UNDERSTANDING REAL ESTATE
TERMINOLOGY
By
Rich Legg
www.UtahRealtor.info
Purchasing
a home can be a complicated and confusing process, especially for first-time
buyers. Throughout the process,
first-time home buyers will encounter a variety of unfamiliar real state terms.
There are several key terms associates with purchasing real estate that are
helpful to learn.
For
example, many buyers confuse the terms broker
and salesperson. A broker is a properly licensed individual,
or corporation, who serves as a special agent in the purchase and sale of real
estate, a salesperson is an individual employed or associated by written
agreement by the broker as an independent contractor. The salesperson facilitates the purchase or
sale of real estate.
Once
you decide to purchase, a salesperson will prepare a sales contract to present to the seller along with your earnest money deposit. The sales contract is the document through
which the seller agrees to give possession and title of property to the buyer
upon full payment of the purchase price and performance of agreed-upon
conditions. The earnest money is a buyer’s
partial payment, as a show of good faith, to make the contract binding. Often, the earnest money is held in an escrow account. Escrow is the process by which money is held
by a disinterested party until the terms of the escrow instructions are fulfilled.
After
the buyer and seller have signed the contract, the buyer must obtain a mortgage note by presenting the
contract to a mortgage lender. The note
is the buyer’s promise to pay the purchase price of the real estate in addition
to a stated interest rate over a specified period of time. A mortgage lender places a lien on the
property, or mortgage, and
this secures the mortgage note.
The
buyer pays interest money to
the lender exchange for the use of money borrowed. Interest is usually referred to as APR or
annual percentage rate. Interest is paid
on the principle, the capital
sum the buyer owes. Interest payments
may be disguised in the form of points. Points are an up-front cost which may be paid
by either the buyer or seller or both in conventional loans.
In
general, there are two types of conventional loans that a buyer can
obtain. A fixed rate loan has the same rate of interest for the life
of the loan, usually 14 to 30 years. An adjustable
rate loan or adjustable rate mortgage (ARM) provides a discounted
initial rate, which changes after a set period of time. The rate can’t exceed the interest rate cap
or ceiling allowed on such loans for any one adjustment period. Some ARMs have a lifetime cap on
interest. The buyer makes the loan and
interest payments to the lender through amortization,
the systematic payment and retirement of debt over a set period of time.
Once
the contract has been signed and a mortgage note obtained, the buyer and seller
must legally close the real estate transaction.

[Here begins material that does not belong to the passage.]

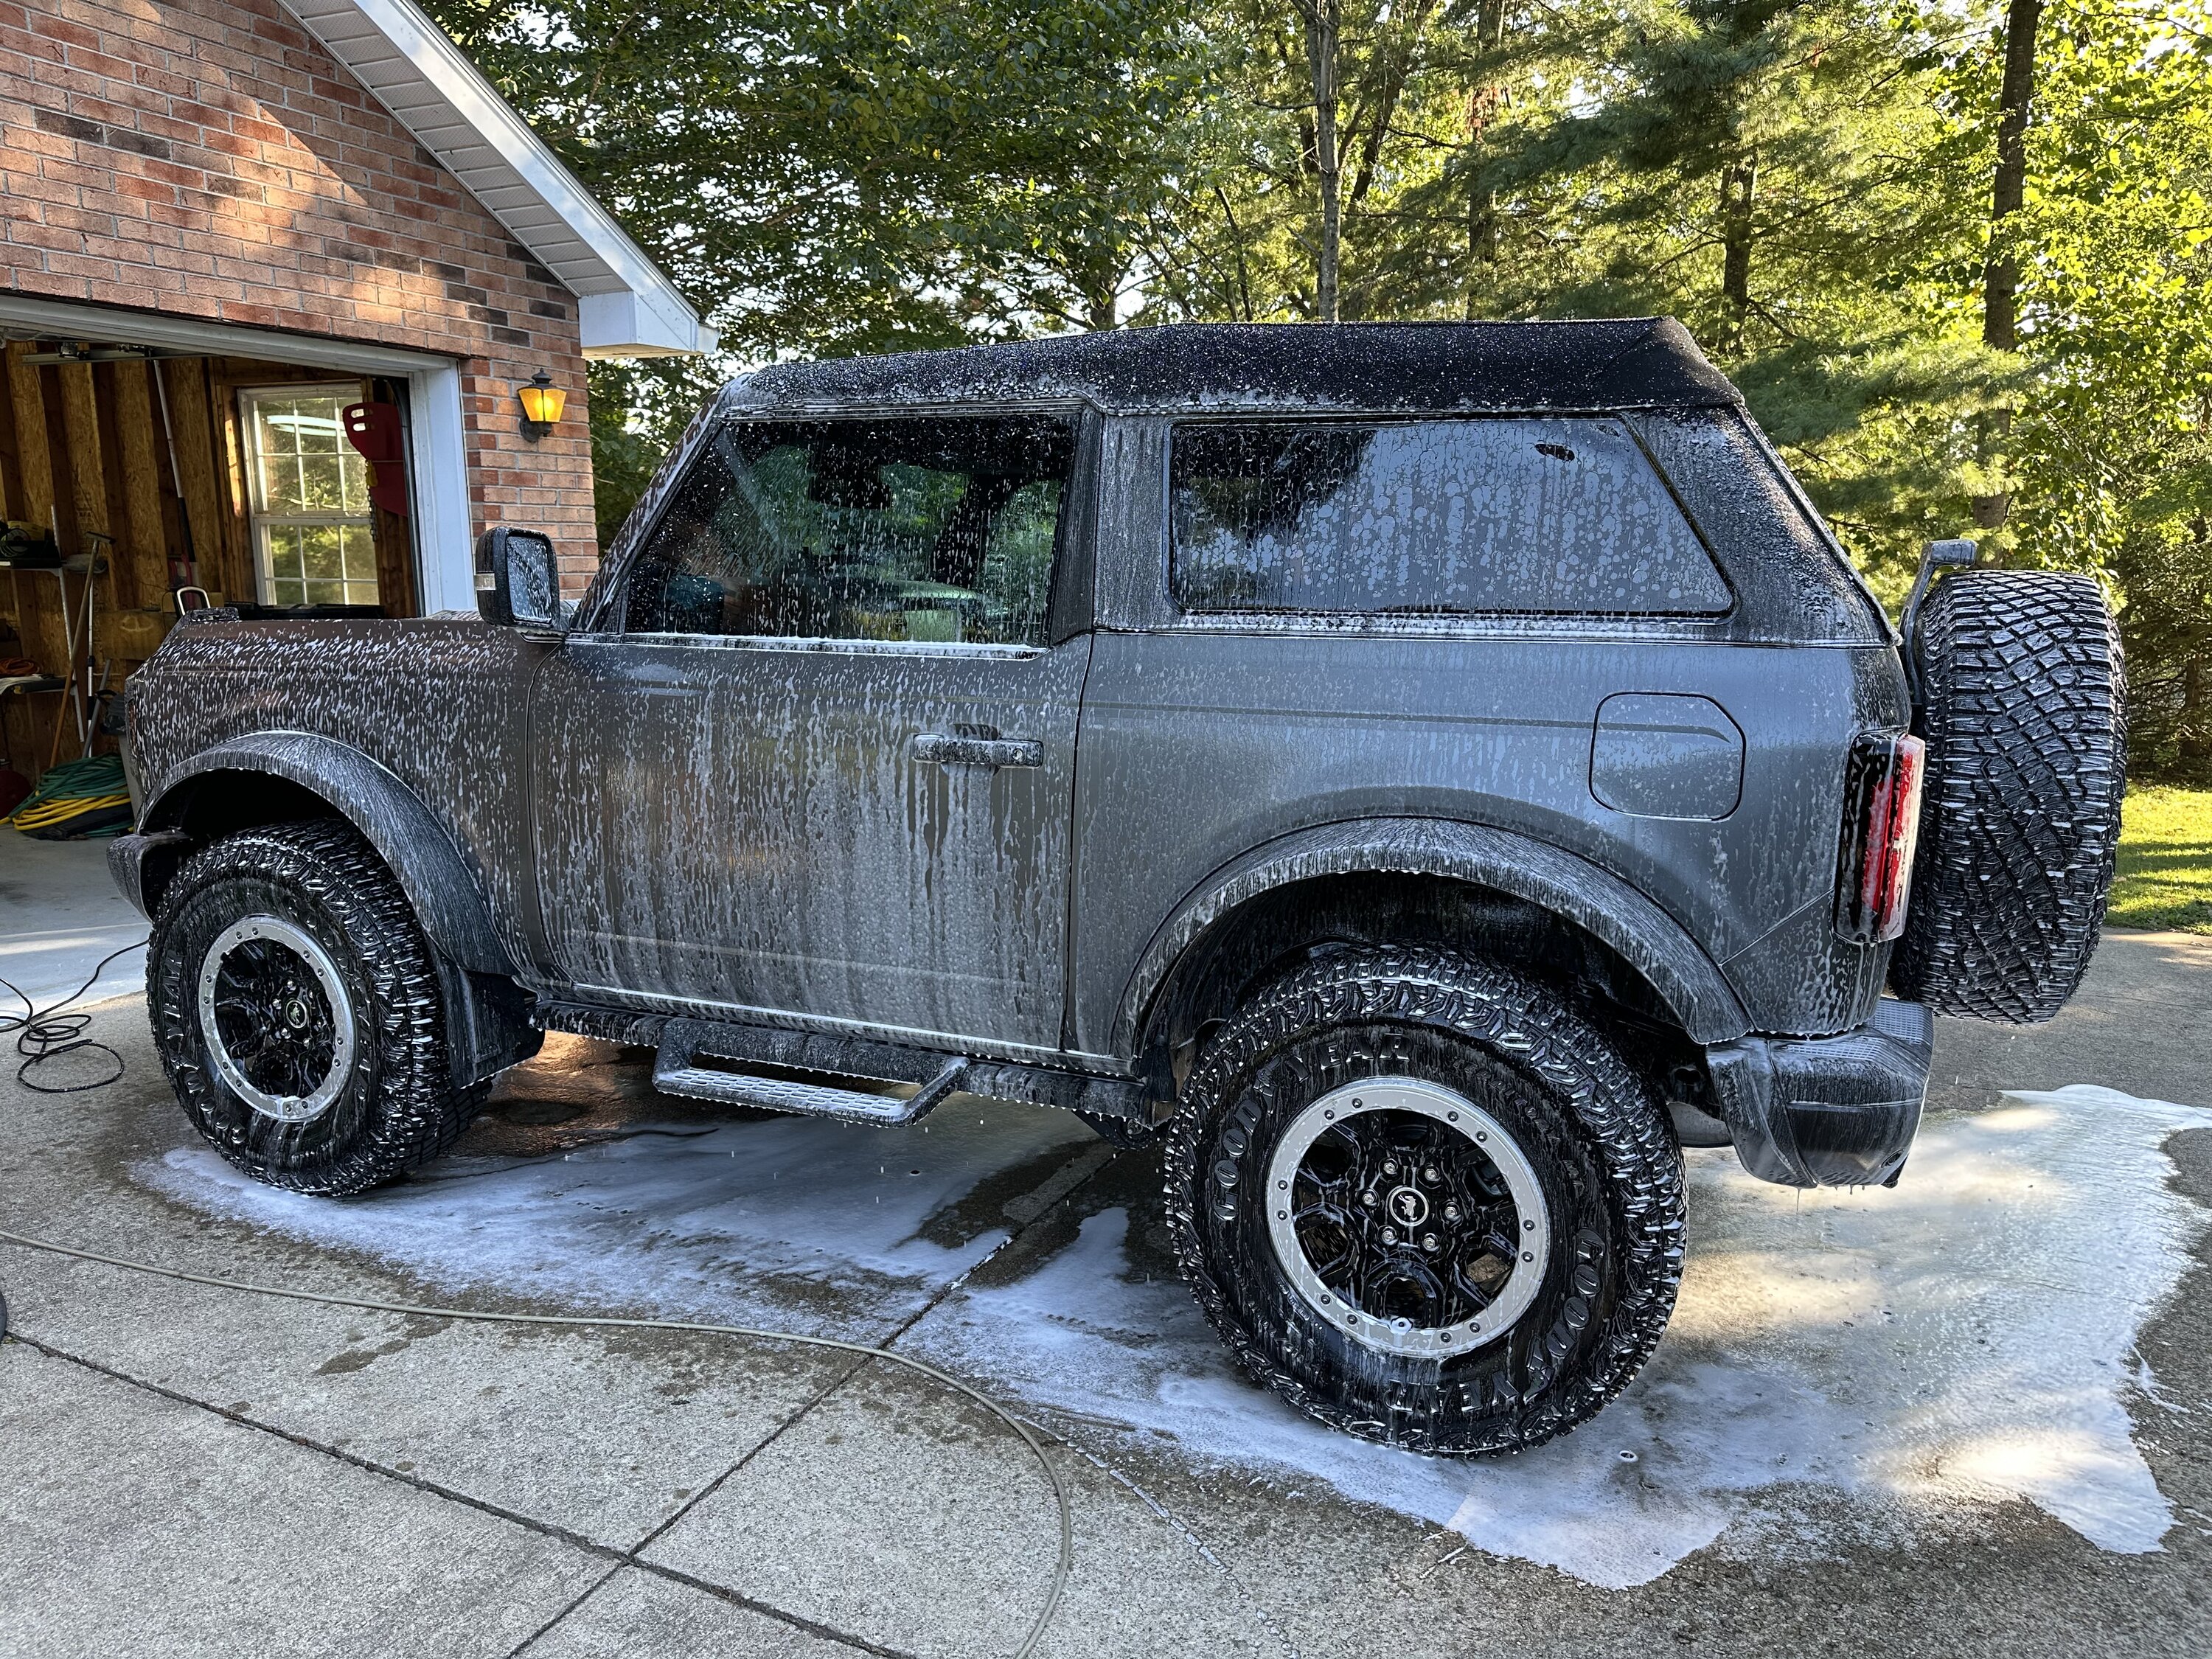 Ford Bronco Let's see your favorite Bronco photos! Bath Time

The closing is a meeting where the buyer, seller and their attorneys
review, sign and exchange the final documents.
At the closing, the buyer receives the appraisal report, an estimate of
the property’s value with the appraiser’s signature, certification and sporting
documents. The buyer also receives the
title and the deed. The title shows
evidence of the buyer’s ownership of the property while the deed legally
transfers the title from the seller to the buyer. The final document the buyer receives at
closing is a title insurance policy, insurance against the loss of the title if
it’s found to be imperfect.
Buyers should
plan on a least four to twelve weeks for a typical real estate
transaction. The process is difficult
and at times, intimidating. A general
understanding of real estate terminology and chronology of the transaction,
however, will help any real estate novice to confidently buy his or her first
home.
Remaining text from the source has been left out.